« 06/19 【聴】 鉄、色、雪のパール兄弟+(秘) / パール兄弟, Hagakure|Universal(UPCY-9808) | トップページ | 06/21 日々雑感 »

2018年6月20日 (水)

06/20 【読】 「定本・二笑亭綺譚(式場隆三郎、藤森照信、赤瀬川原平、岸武臣、式場隆成、筑摩書房)」

「定本・二笑亭綺譚(式場隆三郎、藤森照信、赤瀬川原平、岸武臣、式場隆成、筑摩書房)」


 昭和初年、関東大震災からの復興進む東京は深川に、異形の建物が出現した。近隣から牢屋などと訝しがられる、その建物の名は二笑亭。この建物、深川一帯を地所に持つ資産家、渡辺金蔵なる人物が大金をかけて建設したものだという。牢屋と呼ばれるほどの圧倒的な重量感、あらゆる部分が非対称の意匠、そして屋敷内に施された意味不明・用途不明の仕掛けたち。だが、ある事件を発端として建物の建設は中止、渡辺氏自身も精神病院へと送られてしまう。


 本書は主人を失った二笑亭が取り壊される少し前、医師で文筆家であった式場隆三郎氏が建築家の谷口吉郎氏とともに現地調査した書「二笑亭綺譚」をベースとして、後年出版されたアンソロジー「五十年目の再訪記」ほかを加えたもの。なお再訪記は、藤森照信氏、赤瀬川原平氏、岸武臣氏、式場氏のご子息である隆成氏らの共著となっている。

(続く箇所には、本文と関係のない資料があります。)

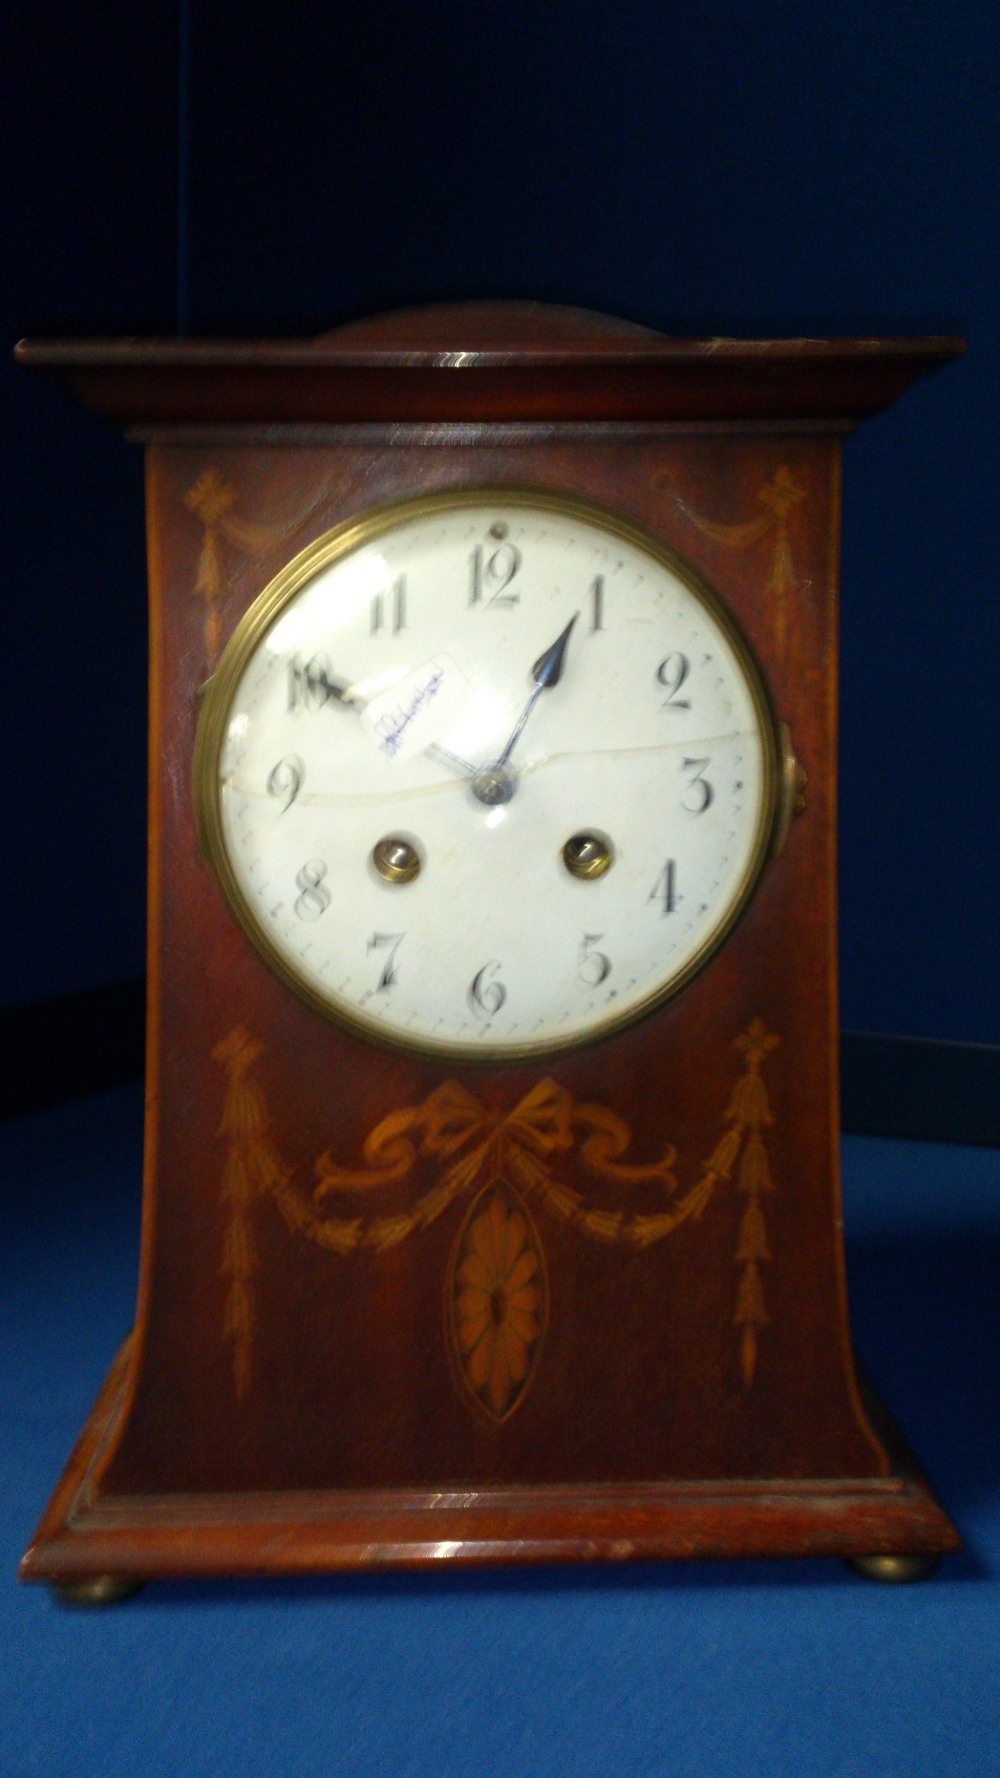 An Edwardian and inlaid mantle clock
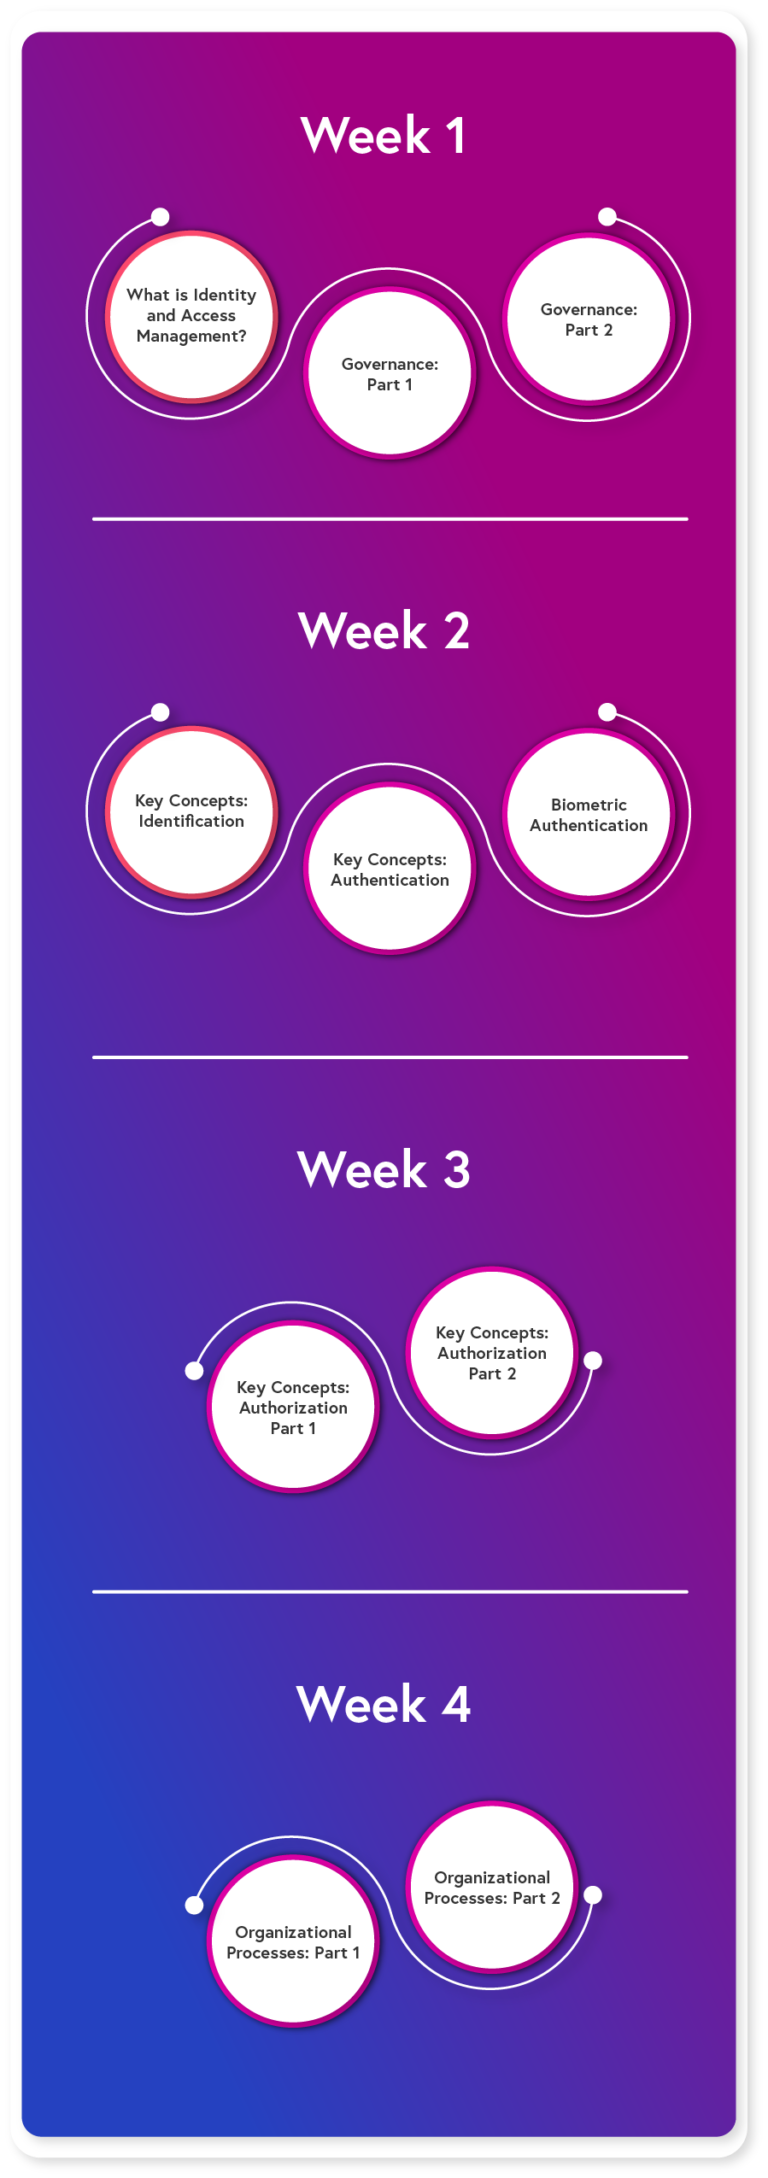 Week 1: What is identity and access management? Governance part 1 and part 2. Week 2: Key concepts identification. Key concepts authentication. Biometric authentication. Week 3: Key authorization part 1 and part 2. Week 4: Organizational processes part 1 and part 2.

 昭和初期の怪建築、二笑亭に関する文献としてはおそらく本書が最初で最期の決定版。お化け屋敷的な興味の集まる怪建築の謎を理性的に解き明かした書として、これ以上の解説は不要というほどの完成度を誇る。施主である渡辺氏による異形のデザインの意図、海外やその後の国内におけるデザインのムーブメント、あるいは渡辺氏が亭建築に取り掛かる直前に敢行していた世界一周旅行の旅行記など、多方面からの考察、資料が集まっているほか、赤瀬川氏によるオマージュ小説も収録されている。二笑亭といえば、最近藤田和日郎氏が「双亡亭壊すべし」なるオカルティックな漫画作品を週刊連載しているが、本作に登場する怪建築「双亡亭」の下敷きが二笑亭である。漫画ではあらゆる邪悪の根源、また放つ破壊不能の建物として世界規模の脅威となっているが、元ネタである二笑亭は、そんなオカルトとは無縁の、むしろ物悲しいエピソードで語られるべき儚い存在だ。本文中「気味が悪い」などと形容される異形は施主である渡辺氏の狂気を感じてのもの、しかしその渡辺氏もまた孤独の中で生きる一人の人間であった。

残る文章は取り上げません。